В имеющихся трудах прежде всего заметны попытки анализа спектра причин как поворота России на Восток в целом, так и своеобразия реализа- ции конкретных программ и проектов. Обобщая результаты проведенного анализа, можно заключить, что в литературе сложился консенсус относительно фактора, который катализировал разработку политики поворота России на Восток: в качестве такого выступает историческая ситуация, которая характеризовалась следующими особенностями. Во-первых, наблюдалось смещение центра тяжести в мировой политике и экономике в Азиатско-Тихоокеанский регион. Во-вторых, после дальневосточной политики времени Б.Н. Ельцина, которая строилась в «режиме ручного управления», и проведения радикально-либеральных реформ в политической и экономической сферах, в ситуации непредвиденных результатов (например, в виде деградации социальной инфраструктуры, деиндустриализации, социально-демографического кризиса, массового оттока населения [4; 11]) федеральный центр вновь осознал потребность в развитии Сибири и Дальнего Востока [1; 2; 3; 5; 8; 9; 13; 14; 15; 19, с. 9]. В-третьих, вся международная обстановка стимулировала российскую политическую элиту к интеграции в АТР. Исследователи иногда конкретизируют особенности международной обстановки с учетом российско-украинских отношений: «События на Украине и последовавший за ними кризис в отношениях РФ с Западом с одной стороны, и евразийская инициатива Пекина (“один пояс, один путь”) с другой максимально политизировали и формально подтвердили стратегическую значимость проекта» [20, с. 9]. Тема поворота России на Восток способствовала появлению в научном дискурсе нового термина - «Тихоокеанская Россия» [20].

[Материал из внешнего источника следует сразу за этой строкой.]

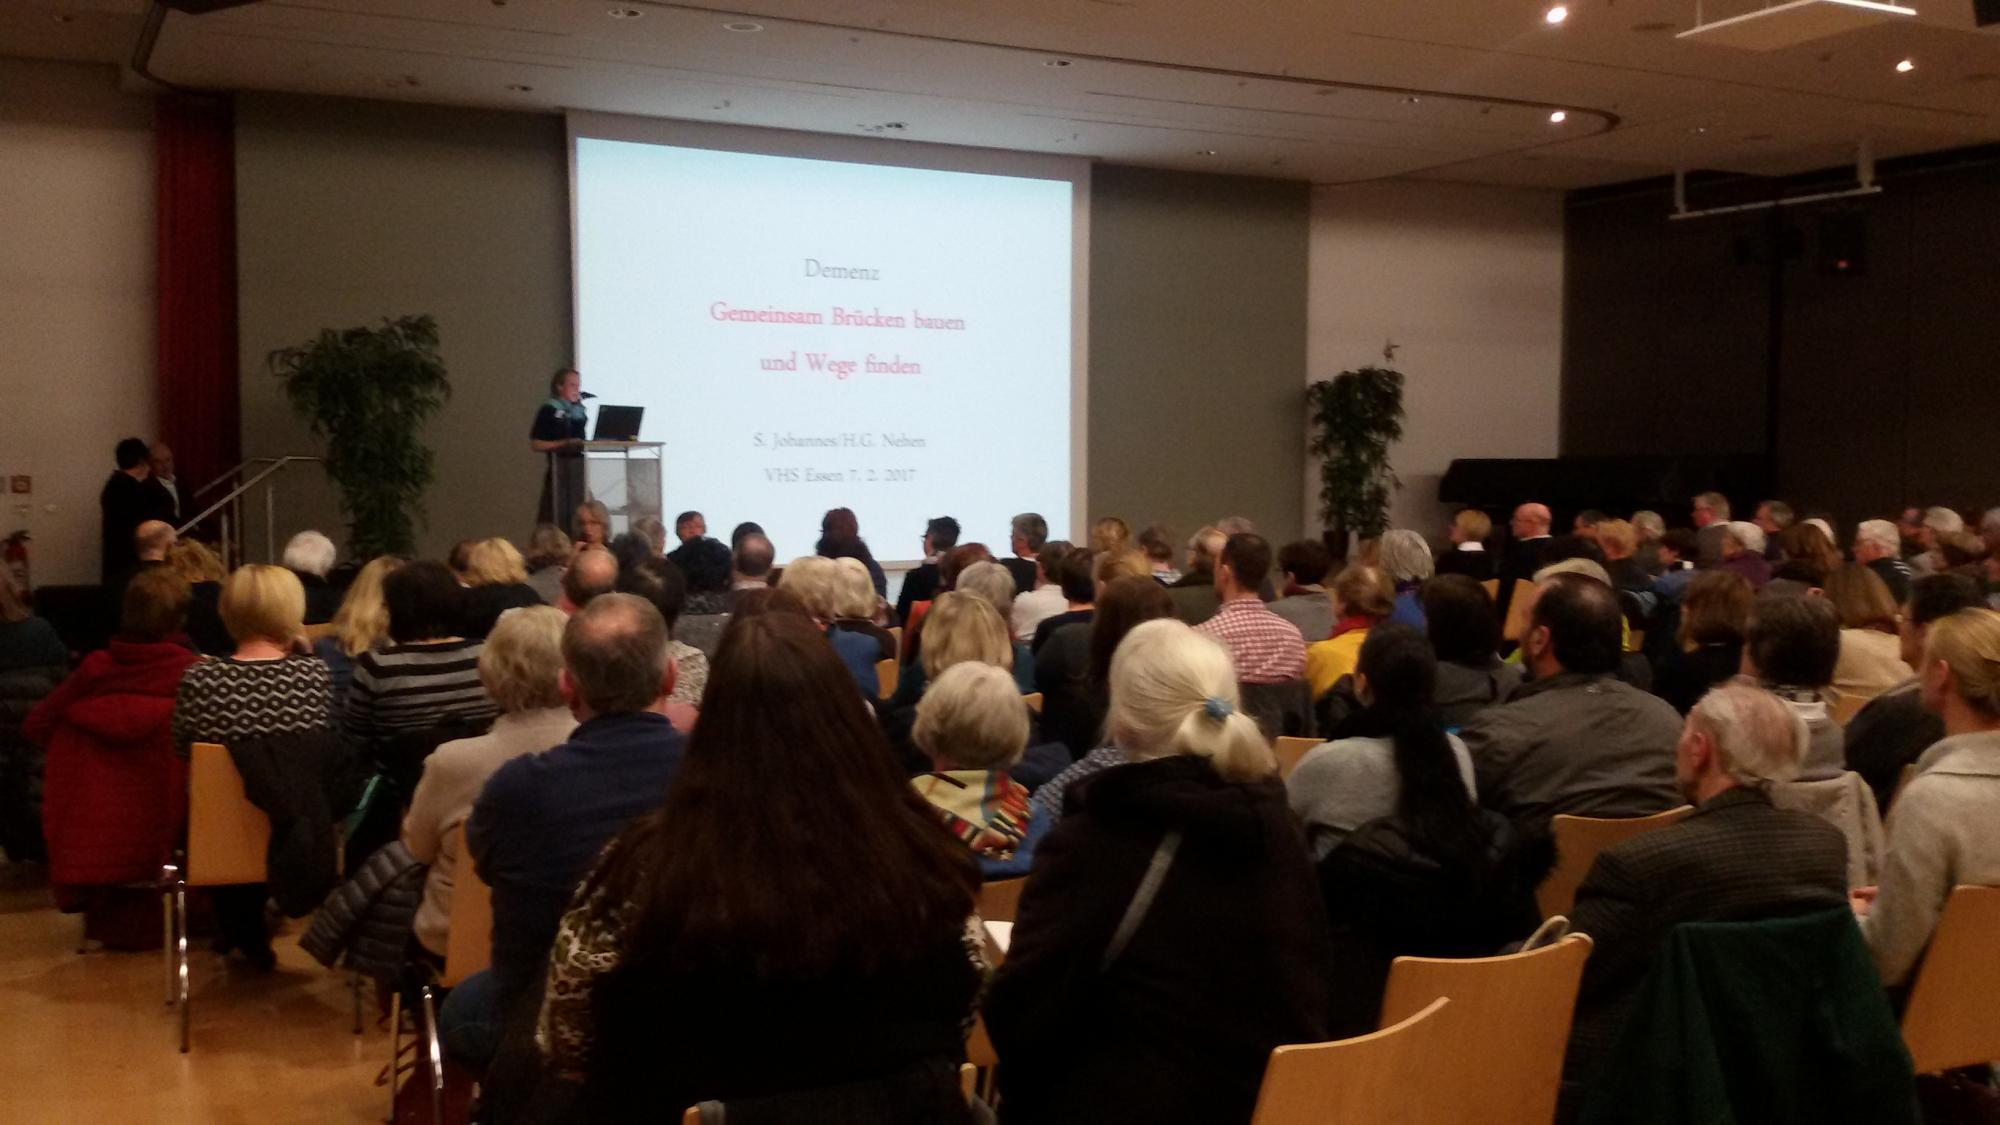 Begrüßung durch Verena Krekeler / Demenz-Servicezentrum Westl. Ruhrgebiet

Среди мнений ученых, анализирующих итоги поворота России на Восток в 2006–2017 гг., на наш взгляд, особого внимания заслуживает точка зрения академика В.Л. Ларин: «“Восточный поворот” России как в его внутренней (развитие Дальнего Востока), так и внешней (отношения со странами Тихоокеанской Азии) проекциях оказался имитацией. Интерес к зоне Тихоокеанской России был весьма ограничен и не реализовался в каких-то конкретных действиях как в силу невнятности восточноазиатской политики России, так и вследствие малоэффективности ее действий по экономическому и инфраструктурному развитию Дальнего Востока» [6, с. 12].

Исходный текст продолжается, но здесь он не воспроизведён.